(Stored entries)
----------

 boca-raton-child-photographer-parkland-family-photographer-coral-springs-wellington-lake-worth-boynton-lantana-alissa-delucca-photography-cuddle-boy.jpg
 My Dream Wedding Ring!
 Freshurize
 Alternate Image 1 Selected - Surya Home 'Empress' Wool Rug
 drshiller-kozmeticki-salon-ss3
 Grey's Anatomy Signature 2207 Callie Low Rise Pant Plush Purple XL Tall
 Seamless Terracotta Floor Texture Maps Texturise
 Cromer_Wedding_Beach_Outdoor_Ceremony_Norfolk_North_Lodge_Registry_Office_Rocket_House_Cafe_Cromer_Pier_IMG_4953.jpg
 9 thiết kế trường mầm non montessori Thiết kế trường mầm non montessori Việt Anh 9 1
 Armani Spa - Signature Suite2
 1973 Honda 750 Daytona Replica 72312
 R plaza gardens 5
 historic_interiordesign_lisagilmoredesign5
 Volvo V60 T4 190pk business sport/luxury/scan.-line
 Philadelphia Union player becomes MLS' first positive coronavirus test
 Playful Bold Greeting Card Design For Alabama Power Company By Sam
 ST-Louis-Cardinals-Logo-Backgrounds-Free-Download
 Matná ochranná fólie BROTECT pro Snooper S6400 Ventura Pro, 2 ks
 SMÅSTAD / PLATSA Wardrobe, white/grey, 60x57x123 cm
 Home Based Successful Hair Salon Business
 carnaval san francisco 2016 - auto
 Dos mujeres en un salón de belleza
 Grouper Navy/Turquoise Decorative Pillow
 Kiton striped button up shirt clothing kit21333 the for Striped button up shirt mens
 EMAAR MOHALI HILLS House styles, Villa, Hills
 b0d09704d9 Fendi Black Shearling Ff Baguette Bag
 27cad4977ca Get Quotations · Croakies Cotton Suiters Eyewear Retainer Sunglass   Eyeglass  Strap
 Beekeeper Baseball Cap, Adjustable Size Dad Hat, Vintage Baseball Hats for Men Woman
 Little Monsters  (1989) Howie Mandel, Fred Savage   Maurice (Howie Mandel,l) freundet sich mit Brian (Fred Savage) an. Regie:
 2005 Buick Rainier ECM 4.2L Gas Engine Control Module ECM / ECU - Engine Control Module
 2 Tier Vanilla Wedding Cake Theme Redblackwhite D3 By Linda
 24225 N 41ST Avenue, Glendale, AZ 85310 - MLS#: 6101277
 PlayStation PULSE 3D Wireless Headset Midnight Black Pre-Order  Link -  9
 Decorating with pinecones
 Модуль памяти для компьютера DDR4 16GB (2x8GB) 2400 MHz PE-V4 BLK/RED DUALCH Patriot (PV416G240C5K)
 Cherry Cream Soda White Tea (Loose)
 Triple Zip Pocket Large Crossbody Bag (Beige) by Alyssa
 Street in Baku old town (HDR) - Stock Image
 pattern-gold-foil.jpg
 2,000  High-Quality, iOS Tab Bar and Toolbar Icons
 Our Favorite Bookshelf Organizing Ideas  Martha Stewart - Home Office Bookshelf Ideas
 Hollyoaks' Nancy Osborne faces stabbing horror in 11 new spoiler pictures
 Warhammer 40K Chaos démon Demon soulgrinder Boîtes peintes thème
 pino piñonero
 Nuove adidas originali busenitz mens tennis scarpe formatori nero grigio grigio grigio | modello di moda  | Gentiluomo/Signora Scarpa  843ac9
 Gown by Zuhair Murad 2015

----------

**WORK ORDER**
Every record above must be printed again exactly as it stands.

**WRITTEN ANSWER**
 boca-raton-child-photographer-parkland-family-photographer-coral-springs-wellington-lake-worth-boynton-lantana-alissa-delucca-photography-cuddle-boy.jpg
 My Dream Wedding Ring!
 Freshurize
 Alternate Image 1 Selected - Surya Home 'Empress' Wool Rug
 drshiller-kozmeticki-salon-ss3
 Grey's Anatomy Signature 2207 Callie Low Rise Pant Plush Purple XL Tall
 Seamless Terracotta Floor Texture Maps Texturise
 Cromer_Wedding_Beach_Outdoor_Ceremony_Norfolk_North_Lodge_Registry_Office_Rocket_House_Cafe_Cromer_Pier_IMG_4953.jpg
 9 thiết kế trường mầm non montessori Thiết kế trường mầm non montessori Việt Anh 9 1
 Armani Spa - Signature Suite2
 1973 Honda 750 Daytona Replica 72312
 R plaza gardens 5
 historic_interiordesign_lisagilmoredesign5
 Volvo V60 T4 190pk business sport/luxury/scan.-line
 Philadelphia Union player becomes MLS' first positive coronavirus test
 Playful Bold Greeting Card Design For Alabama Power Company By Sam
 ST-Louis-Cardinals-Logo-Backgrounds-Free-Download
 Matná ochranná fólie BROTECT pro Snooper S6400 Ventura Pro, 2 ks
 SMÅSTAD / PLATSA Wardrobe, white/grey, 60x57x123 cm
 Home Based Successful Hair Salon Business
 carnaval san francisco 2016 - auto
 Dos mujeres en un salón de belleza
 Grouper Navy/Turquoise Decorative Pillow
 Kiton striped button up shirt clothing kit21333 the for Striped button up shirt mens
 EMAAR MOHALI HILLS House styles, Villa, Hills
 b0d09704d9 Fendi Black Shearling Ff Baguette Bag
 27cad4977ca Get Quotations · Croakies Cotton Suiters Eyewear Retainer Sunglass   Eyeglass  Strap
 Beekeeper Baseball Cap, Adjustable Size Dad Hat, Vintage Baseball Hats for Men Woman
 Little Monsters  (1989) Howie Mandel, Fred Savage   Maurice (Howie Mandel,l) freundet sich mit Brian (Fred Savage) an. Regie:
 2005 Buick Rainier ECM 4.2L Gas Engine Control Module ECM / ECU - Engine Control Module
 2 Tier Vanilla Wedding Cake Theme Redblackwhite D3 By Linda
 24225 N 41ST Avenue, Glendale, AZ 85310 - MLS#: 6101277
 PlayStation PULSE 3D Wireless Headset Midnight Black Pre-Order  Link -  9
 Decorating with pinecones
 Модуль памяти для компьютера DDR4 16GB (2x8GB) 2400 MHz PE-V4 BLK/RED DUALCH Patriot (PV416G240C5K)
 Cherry Cream Soda White Tea (Loose)
 Triple Zip Pocket Large Crossbody Bag (Beige) by Alyssa
 Street in Baku old town (HDR) - Stock Image
 pattern-gold-foil.jpg
 2,000  High-Quality, iOS Tab Bar and Toolbar Icons
 Our Favorite Bookshelf Organizing Ideas  Martha Stewart - Home Office Bookshelf Ideas
 Hollyoaks' Nancy Osborne faces stabbing horror in 11 new spoiler pictures
 Warhammer 40K Chaos démon Demon soulgrinder Boîtes peintes thème
 pino piñonero
 Nuove adidas originali busenitz mens tennis scarpe formatori nero grigio grigio grigio | modello di moda  | Gentiluomo/Signora Scarpa  843ac9
 Gown by Zuhair Murad 2015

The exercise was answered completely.